In fact, for some systems, Novell provides policies that are entirely XSLT free. For example, all of the Novell-developed policies for Microsoft Active Directory were built using Policy Builder, demonstrating that configuring complex policies without writing code is possible (even probable).

Included in the Identity Manager plug-ins for Novell iManager 2.0, Policy Builder speeds the time and reduces the mental energy required to build policies. In Policy Builder, you click the connector for which you want to create a policy, after which you see a graphical representation of the subscriber and publisher channels between eDirectory and the connected system. Near these channels, you might also see icons (that look like tiny documents). (See Figure 1.) These icons represent policies that already have been written for this connector.

To create a new policy, you click one of the arrows in the publisher or subscriber channels. (See Figure 1.) This opens Rule Builder. In Rule Builder, you define and combine conditions (such as "if operation equals move") and specify the appropriate action or actions (such as "do veto").

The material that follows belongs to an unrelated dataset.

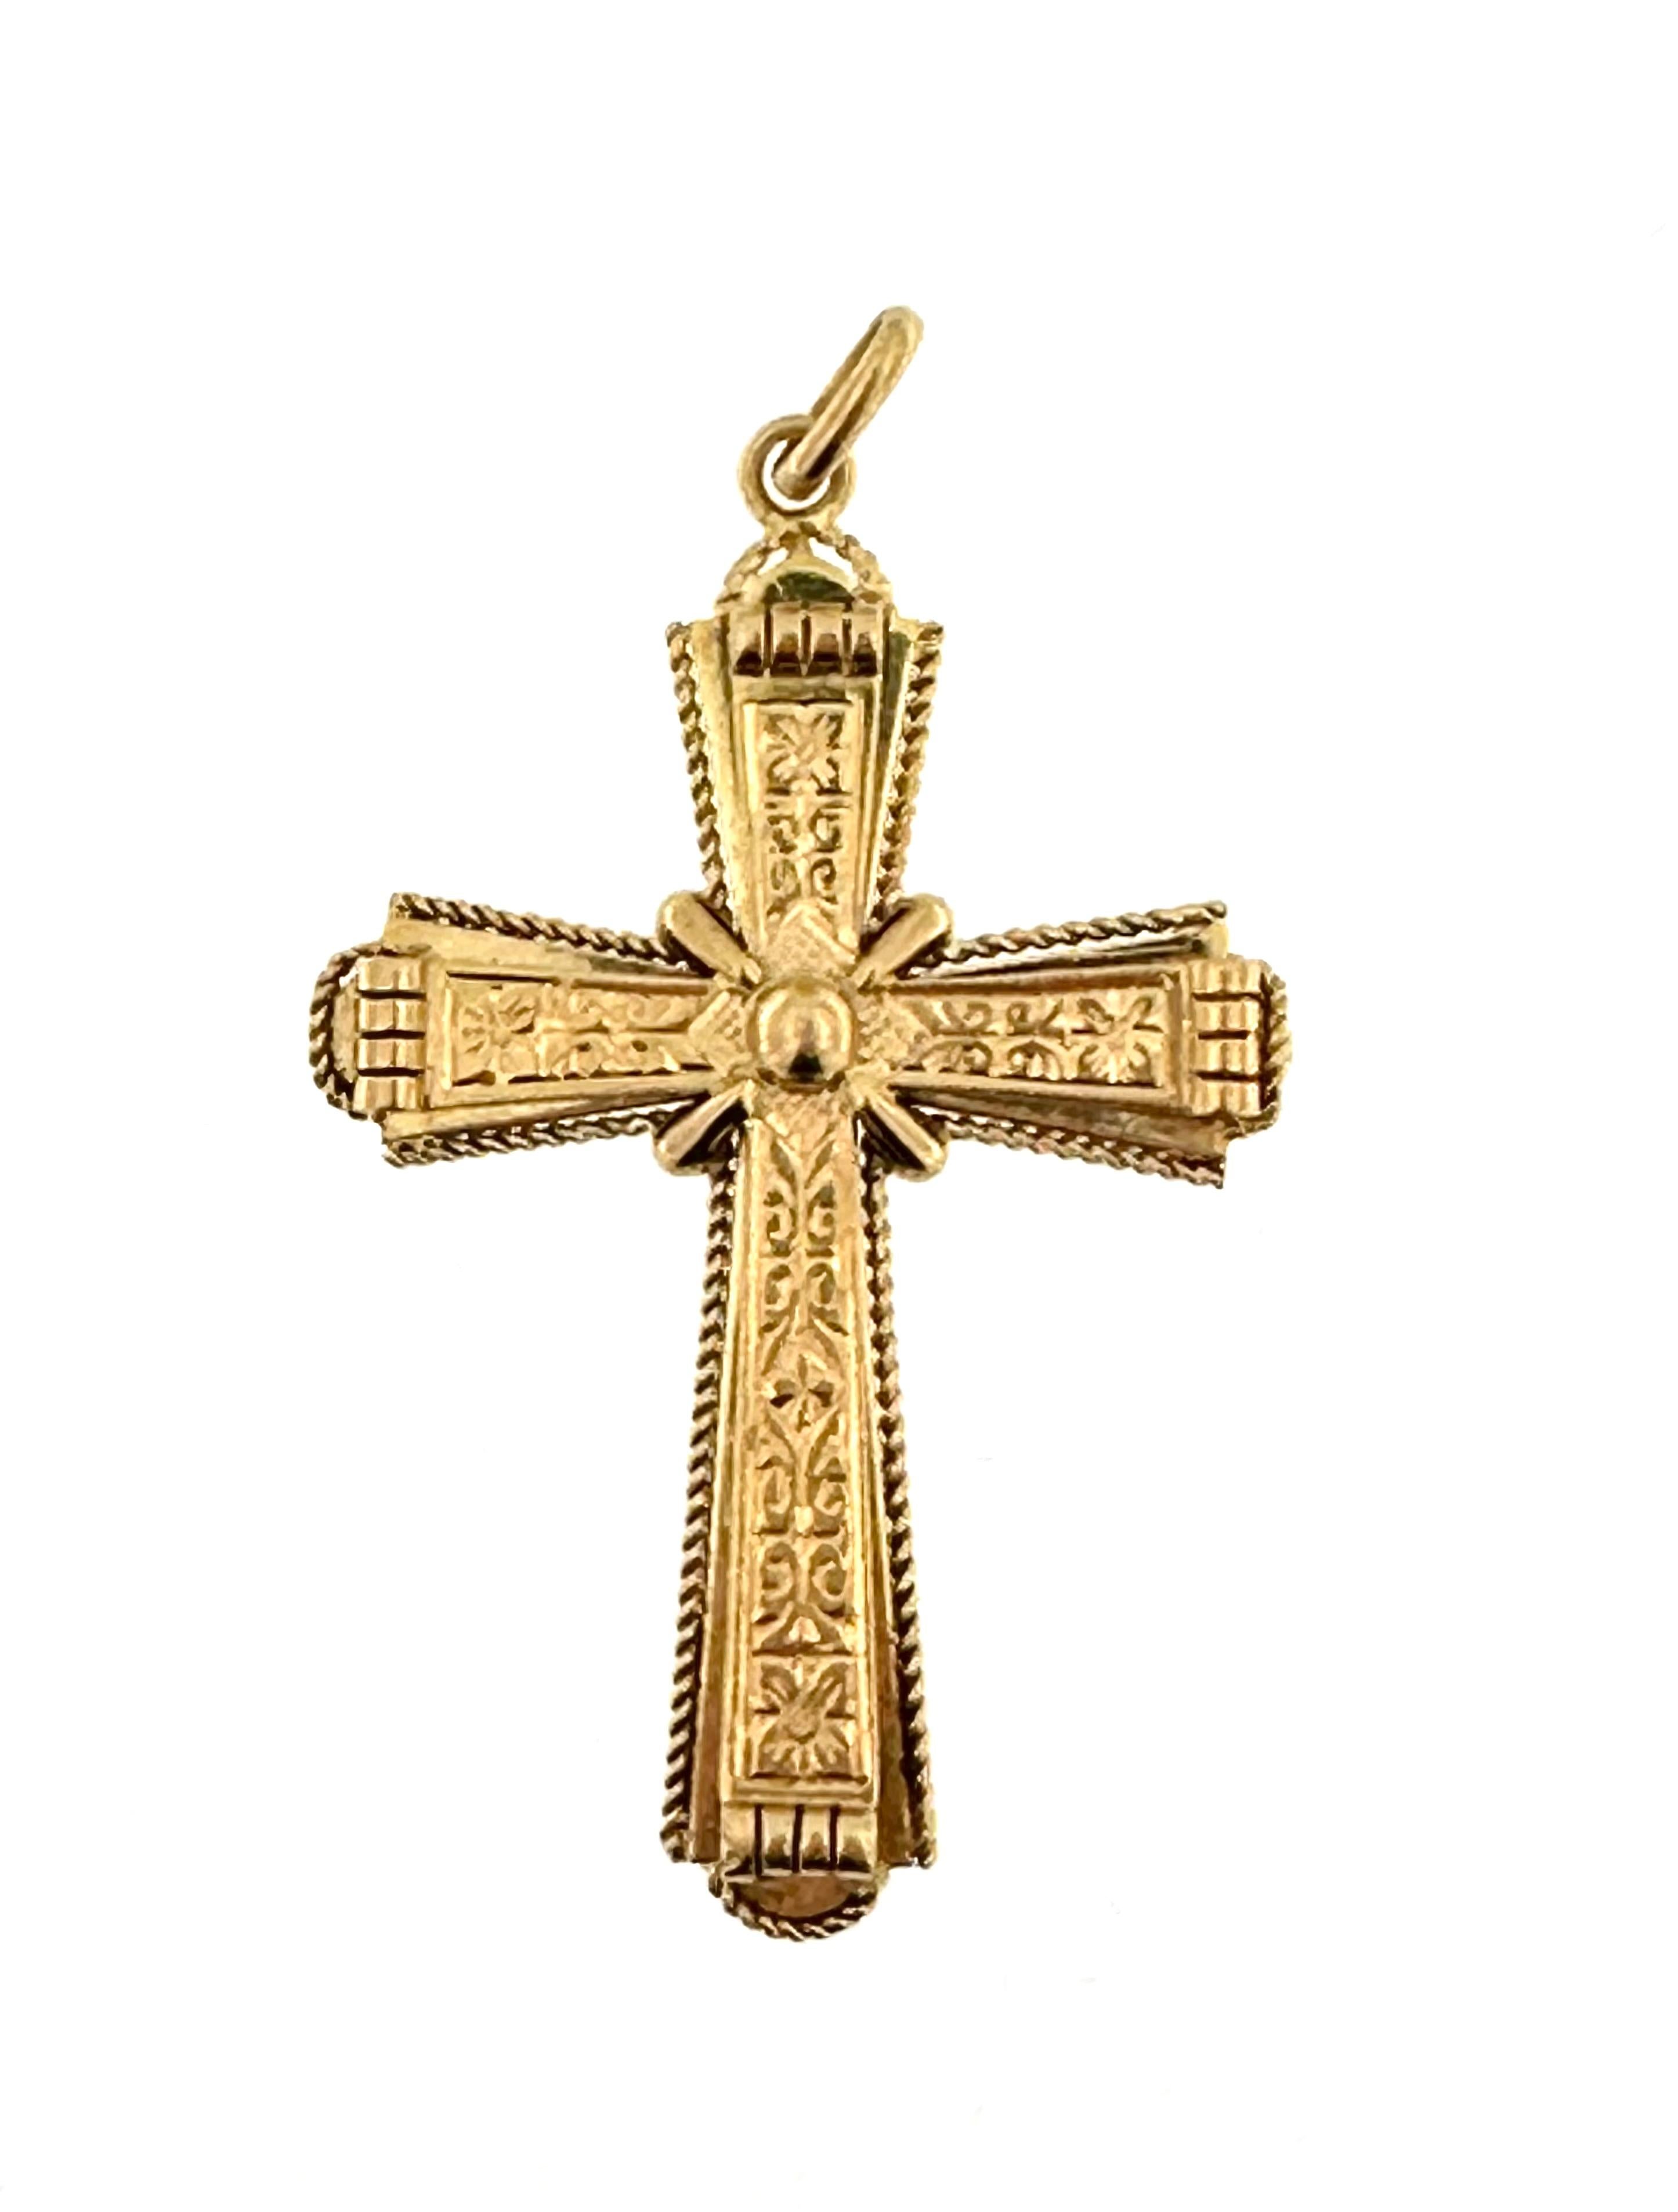 Dieses antike italienische Kreuz beeindruckt durch die Präzision und die Detailgenauigkeit der Verzierung. Dieses schöne und elegante italienische Vintage-Kreuz ist handgefertigt und mit Blumenmotiven versehen. Das Kreuz aus 18-karätigem Gelbgold

For every variable in the condition or action that you're defining, Rule Builder provides drop-down lists that include only valid options. (See Figure 2.) For example, to open a list of valid options for the value that follows the word "if" in a condition, you click the arrow at the end of that field. As you can see in Figure 2, you do the same to view drop-down lists of options for every variable.

Figure 2

Click for large view

Policy Builder translates the rules you create into DirXML Script. Policy Builder also includes a wizard that enables you to translate into DirXML Script any rules that you already have in old-style XML (that is, rules you wrote using previous versions of DirXML). In fact, with the exception of schema-mapping rules, you'll need to translate these old rules in order for them to work in this upgraded environment.

Of course, if you're a diehard code guy, you can view and write DirXML Script, XML and XSLT. The point here is that you don't have to because Policy Builder makes the process of building rules as simple—and code free—as possible.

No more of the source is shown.